**Problem to solve:** Copy every record below exactly as it stands.
=== Begin Enclosure ===
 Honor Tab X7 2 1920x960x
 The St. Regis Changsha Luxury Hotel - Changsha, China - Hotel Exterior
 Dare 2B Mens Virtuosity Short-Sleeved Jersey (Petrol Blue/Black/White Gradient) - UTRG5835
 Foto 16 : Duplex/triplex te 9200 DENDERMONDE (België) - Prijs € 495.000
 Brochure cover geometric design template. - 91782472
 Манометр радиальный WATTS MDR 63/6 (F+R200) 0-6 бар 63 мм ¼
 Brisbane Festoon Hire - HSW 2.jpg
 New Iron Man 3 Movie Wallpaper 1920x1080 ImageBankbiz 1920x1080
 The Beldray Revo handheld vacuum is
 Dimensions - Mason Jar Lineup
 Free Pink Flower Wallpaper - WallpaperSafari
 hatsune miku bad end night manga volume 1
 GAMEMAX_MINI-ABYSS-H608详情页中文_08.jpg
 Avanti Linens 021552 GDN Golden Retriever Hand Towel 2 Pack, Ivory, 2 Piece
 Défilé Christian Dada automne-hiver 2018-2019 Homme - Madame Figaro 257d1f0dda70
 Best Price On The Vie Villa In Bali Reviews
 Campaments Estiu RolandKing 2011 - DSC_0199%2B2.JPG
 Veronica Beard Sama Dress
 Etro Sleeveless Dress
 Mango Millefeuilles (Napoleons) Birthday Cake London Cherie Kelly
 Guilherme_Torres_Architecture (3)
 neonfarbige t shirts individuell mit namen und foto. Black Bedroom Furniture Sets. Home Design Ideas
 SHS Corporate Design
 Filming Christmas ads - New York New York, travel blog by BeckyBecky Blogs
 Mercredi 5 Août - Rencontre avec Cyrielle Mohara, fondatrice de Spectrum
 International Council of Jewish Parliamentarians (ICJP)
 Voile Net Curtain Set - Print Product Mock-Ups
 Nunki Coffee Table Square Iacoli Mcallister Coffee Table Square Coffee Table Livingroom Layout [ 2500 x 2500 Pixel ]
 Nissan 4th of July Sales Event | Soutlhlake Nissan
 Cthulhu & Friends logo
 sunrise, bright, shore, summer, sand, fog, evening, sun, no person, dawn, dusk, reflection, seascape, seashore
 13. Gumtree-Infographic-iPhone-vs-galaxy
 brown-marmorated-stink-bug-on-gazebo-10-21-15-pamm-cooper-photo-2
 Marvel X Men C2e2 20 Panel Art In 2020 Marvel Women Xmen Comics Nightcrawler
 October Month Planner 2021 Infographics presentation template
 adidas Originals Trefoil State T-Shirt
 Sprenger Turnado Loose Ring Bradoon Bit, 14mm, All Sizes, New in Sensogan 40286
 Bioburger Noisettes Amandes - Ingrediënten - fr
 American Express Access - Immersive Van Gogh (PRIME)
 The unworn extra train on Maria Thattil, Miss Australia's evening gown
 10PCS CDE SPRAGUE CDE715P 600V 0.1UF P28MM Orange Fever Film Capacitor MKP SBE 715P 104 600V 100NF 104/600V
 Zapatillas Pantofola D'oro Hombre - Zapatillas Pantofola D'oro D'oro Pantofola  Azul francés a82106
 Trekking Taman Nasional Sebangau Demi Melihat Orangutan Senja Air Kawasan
=== End Enclosure ===
**Exercise solution:**
 Honor Tab X7 2 1920x960x
 The St. Regis Changsha Luxury Hotel - Changsha, China - Hotel Exterior
 Dare 2B Mens Virtuosity Short-Sleeved Jersey (Petrol Blue/Black/White Gradient) - UTRG5835
 Foto 16 : Duplex/triplex te 9200 DENDERMONDE (België) - Prijs € 495.000
 Brochure cover geometric design template. - 91782472
 Манометр радиальный WATTS MDR 63/6 (F+R200) 0-6 бар 63 мм ¼
 Brisbane Festoon Hire - HSW 2.jpg
 New Iron Man 3 Movie Wallpaper 1920x1080 ImageBankbiz 1920x1080
 The Beldray Revo handheld vacuum is
 Dimensions - Mason Jar Lineup
 Free Pink Flower Wallpaper - WallpaperSafari
 hatsune miku bad end night manga volume 1
 GAMEMAX_MINI-ABYSS-H608详情页中文_08.jpg
 Avanti Linens 021552 GDN Golden Retriever Hand Towel 2 Pack, Ivory, 2 Piece
 Défilé Christian Dada automne-hiver 2018-2019 Homme - Madame Figaro 257d1f0dda70
 Best Price On The Vie Villa In Bali Reviews
 Campaments Estiu RolandKing 2011 - DSC_0199%2B2.JPG
 Veronica Beard Sama Dress
 Etro Sleeveless Dress
 Mango Millefeuilles (Napoleons) Birthday Cake London Cherie Kelly
 Guilherme_Torres_Architecture (3)
 neonfarbige t shirts individuell mit namen und foto. Black Bedroom Furniture Sets. Home Design Ideas
 SHS Corporate Design
 Filming Christmas ads - New York New York, travel blog by BeckyBecky Blogs
 Mercredi 5 Août - Rencontre avec Cyrielle Mohara, fondatrice de Spectrum
 International Council of Jewish Parliamentarians (ICJP)
 Voile Net Curtain Set - Print Product Mock-Ups
 Nunki Coffee Table Square Iacoli Mcallister Coffee Table Square Coffee Table Livingroom Layout [ 2500 x 2500 Pixel ]
 Nissan 4th of July Sales Event | Soutlhlake Nissan
 Cthulhu & Friends logo
 sunrise, bright, shore, summer, sand, fog, evening, sun, no person, dawn, dusk, reflection, seascape, seashore
 13. Gumtree-Infographic-iPhone-vs-galaxy
 brown-marmorated-stink-bug-on-gazebo-10-21-15-pamm-cooper-photo-2
 Marvel X Men C2e2 20 Panel Art In 2020 Marvel Women Xmen Comics Nightcrawler
 October Month Planner 2021 Infographics presentation template
 adidas Originals Trefoil State T-Shirt
 Sprenger Turnado Loose Ring Bradoon Bit, 14mm, All Sizes, New in Sensogan 40286
 Bioburger Noisettes Amandes - Ingrediënten - fr
 American Express Access - Immersive Van Gogh (PRIME)
 The unworn extra train on Maria Thattil, Miss Australia's evening gown
 10PCS CDE SPRAGUE CDE715P 600V 0.1UF P28MM Orange Fever Film Capacitor MKP SBE 715P 104 600V 100NF 104/600V
 Zapatillas Pantofola D'oro Hombre - Zapatillas Pantofola D'oro D'oro Pantofola  Azul francés a82106
 Trekking Taman Nasional Sebangau Demi Melihat Orangutan Senja Air Kawasan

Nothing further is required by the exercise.